Simplicity. Friends have sought the essential, knowing that excessive material possessions divide people from each other and from a spiritual life.
Peace/Nonviolence. Believing that there is “that of God in everyone" Friends are called to respect and care for all and to "see what love can do" in response to violence.
Equality and Social Justice. Since all are God's children.

Through holding these testimonies we have been able to campaign for a fairer more just society, been trustworthy and honest in our dealings, promoted various reforms, set an example, and through our refusal to take oaths and the peace testimony in particular, been just a bit awkward sometimes! Testimonies are not for our exclusive use, although just like with flags, they help shape our sense of identity and let people know we are there.

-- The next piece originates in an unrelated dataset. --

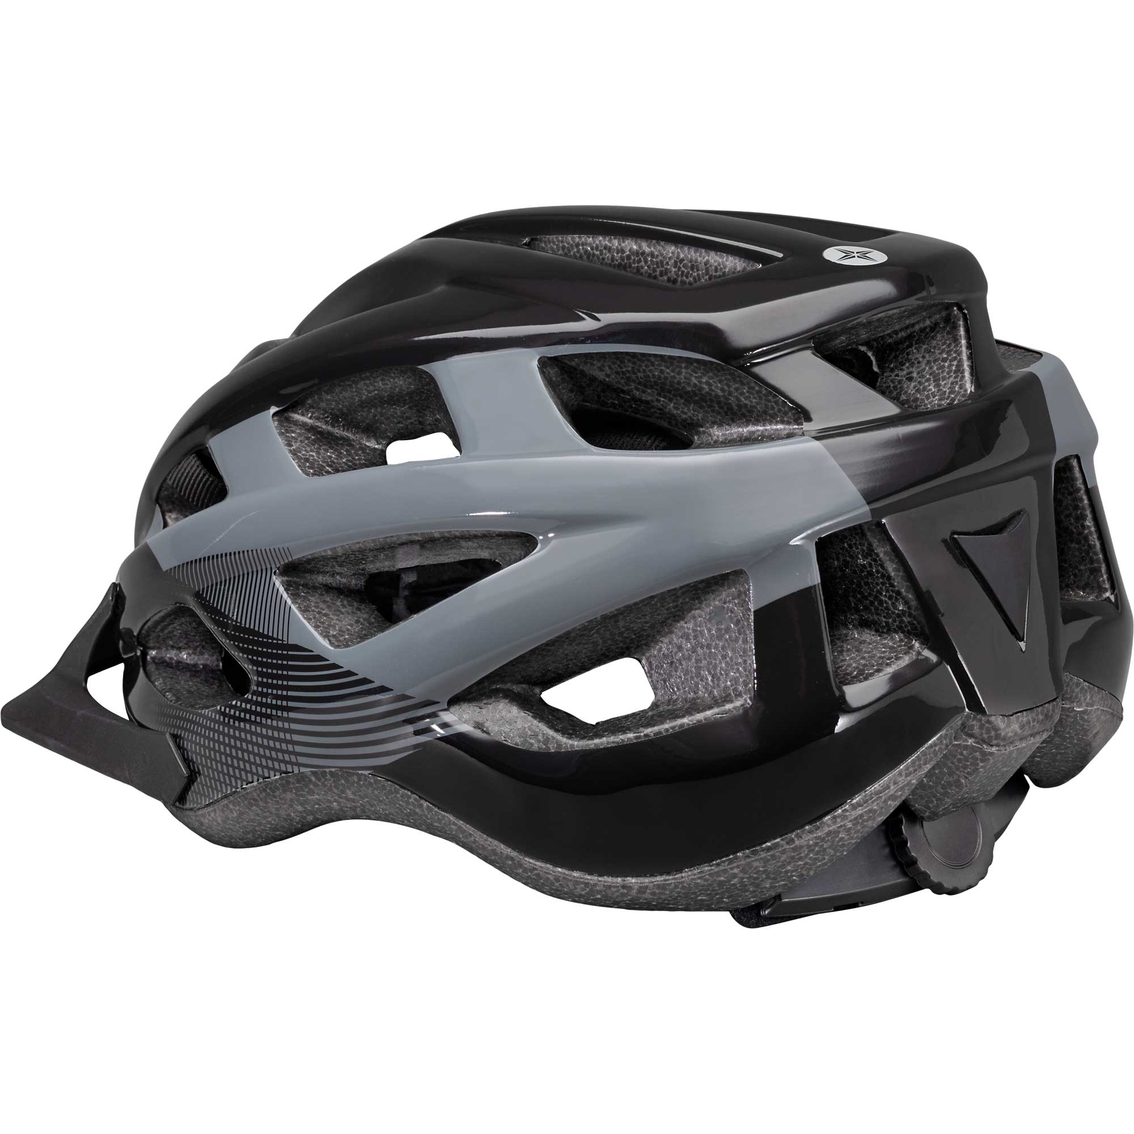 Schwinn Breeze Adult Bike Helmet, Black And Grey | Helmets & Pads ...

Some of these ancient testimonies may seem very fragile. They can blow in about in the wind and weather with age. As society changes, it may seem necessary for some of the more challenging flags to be taken down, folded up and rested for a while. Colours may fade, designs need to be re-worked and new concerns such as a testimony for responsible stewardship to preserve the environment brought to our attention. It might be argued that the earth is already protected if we retain sufficient loyalty to all our old testimonies, so perhaps surprising when this new somewhat less demanding flag seems to be placed a little higher than the rest. This rearrangement may give the impression that Quakerisim is about adopting a particular type of lifestyle and that it is all just a matter of culture really.

Lately it has been suggested to me that Quakerisim has become entirely a way of life rather than a religion as if only our flags are observed. In changing times I think it is important to remember that just as with the Queen, certain aristocrats or even a government organisation such as English Heritage, flags are an sign of allegiance. Our testimonies flag up what we already believe. They are only a part of the castle. We remain strong and connected as an organisation and as a faith group through maintaining our Meetings for Worship.

Saturday, 26 April 2014

Quaker Castle Tour part 1- the invisible ones first.

Some years ago I was told very firmly by my teenage daughter that I needed to travel more. Knowing all too well about my love of history, she talked of places she had visited, then said very fervantly, " Honestly Mum, you should go to Poland, or Germany! English Castles seem like just a pile of stones in comparison. You can go inside and walk round proper rooms because they look after their castles. It really does limit your perspective if you just stay in the places that you know."

These words of wisdom are much in my mind because they remind me of Quakers. Whilst I can write with some confidence about Meetings and Quaker events that I have been to in England and in particular my local Meeting, this is only a very limited perspective. It is evident that Quakerism varies considerably. Through the feedback I have already received from about the world it would seem some Quaker Meetings are more conscious of the need for preservation and look after their castles a great deal better than we do.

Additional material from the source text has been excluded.